_To do_
Set down, word for word, every line of the material below from the one containing "rose gold diamond and pink gemstone earrings" through the one containing "Lighting PlayStation 3 Controllers", but none of its pictures.
BEGIN Data to process
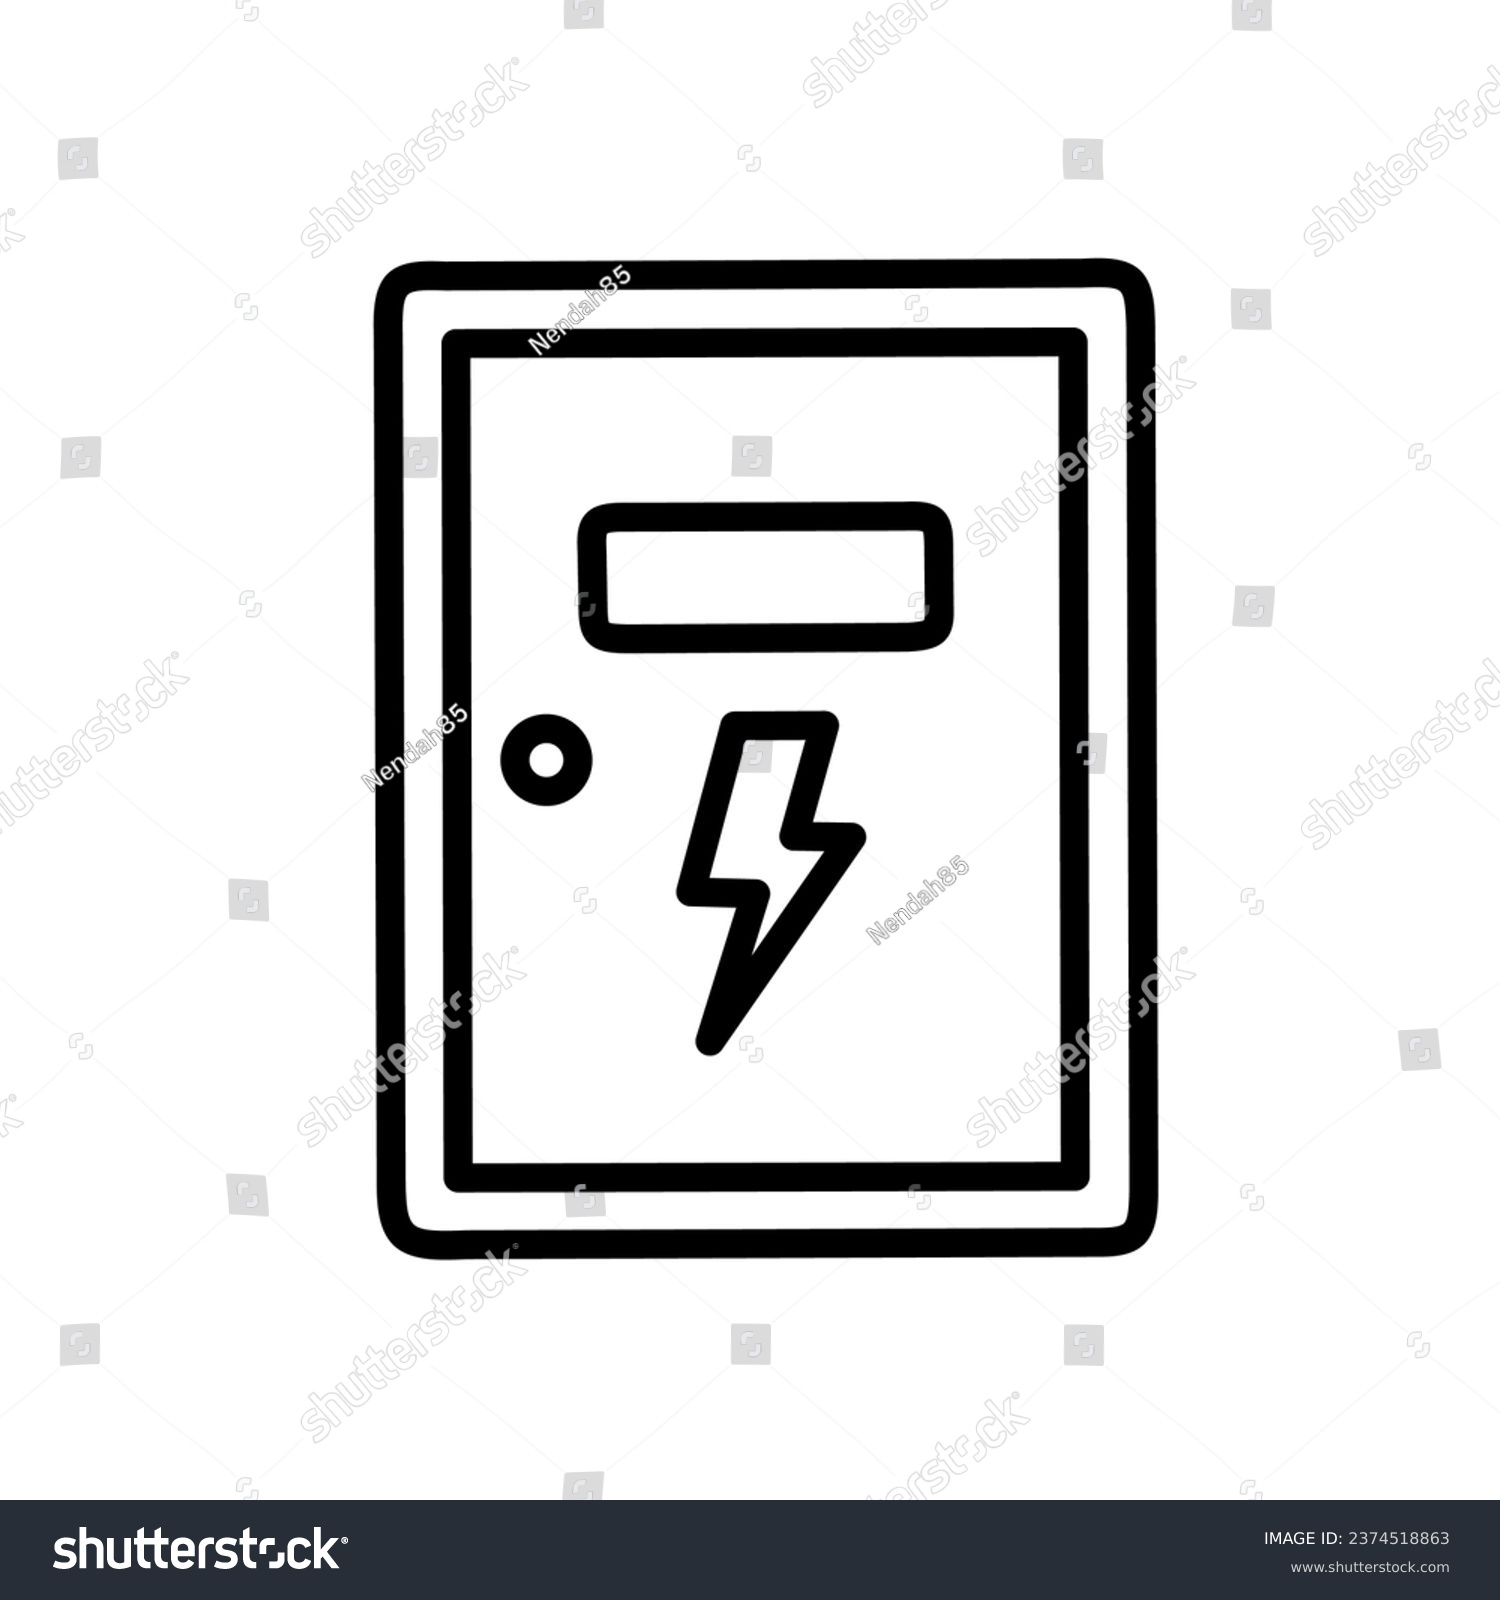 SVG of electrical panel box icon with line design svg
END Data to process
BEGIN Data to process
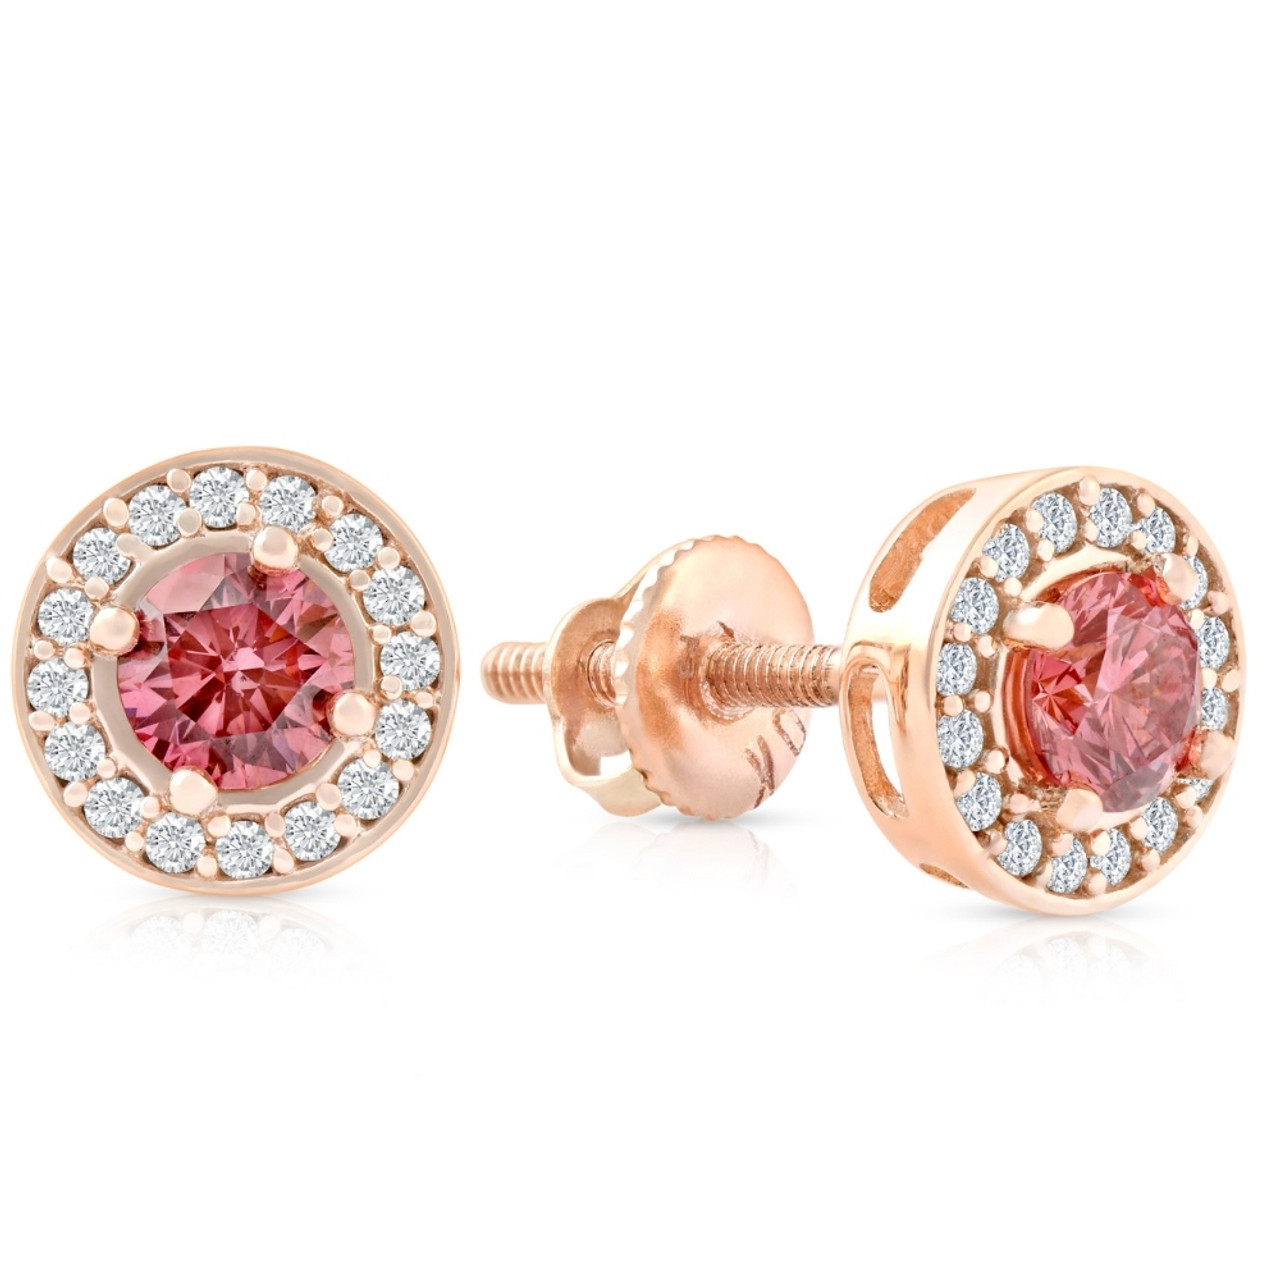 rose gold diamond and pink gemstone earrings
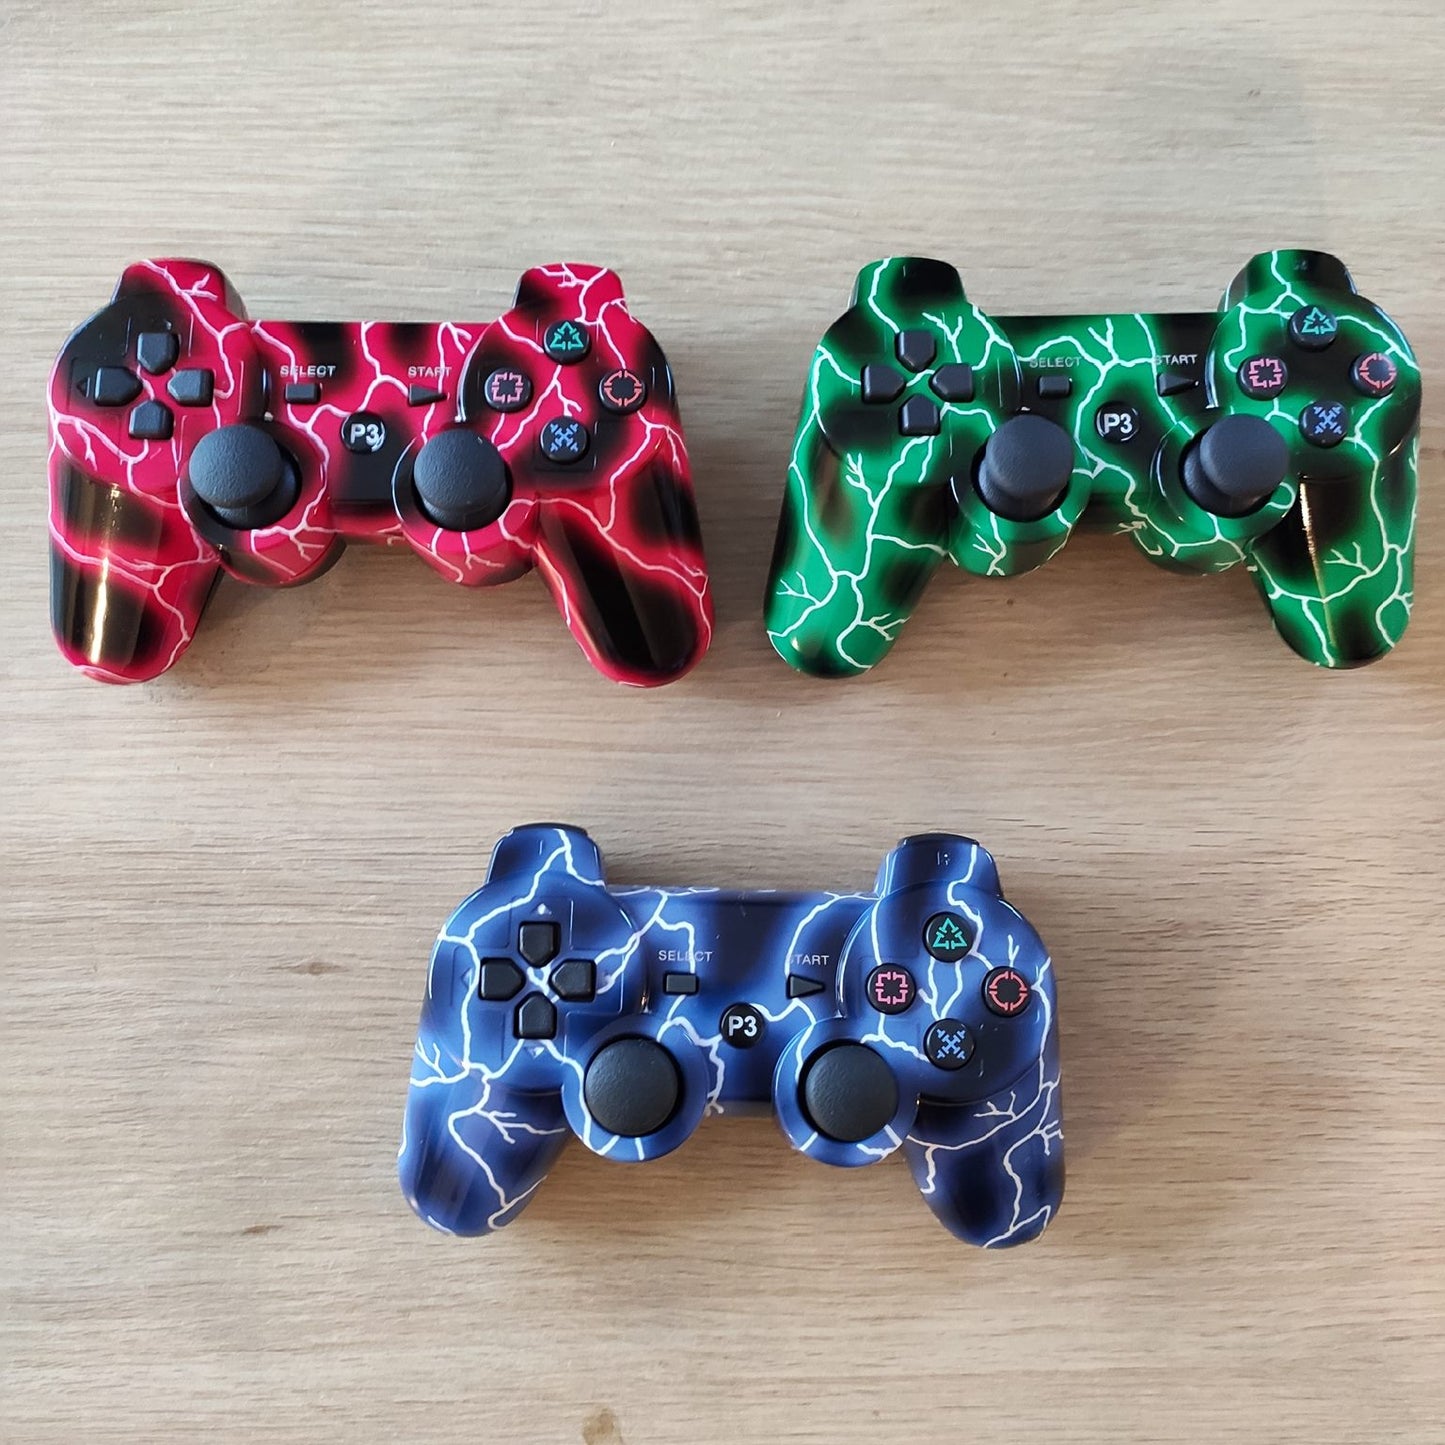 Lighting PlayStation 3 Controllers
END Data to process
_Result of the exercise_
 rose gold diamond and pink gemstone earrings
 Lighting PlayStation 3 Controllers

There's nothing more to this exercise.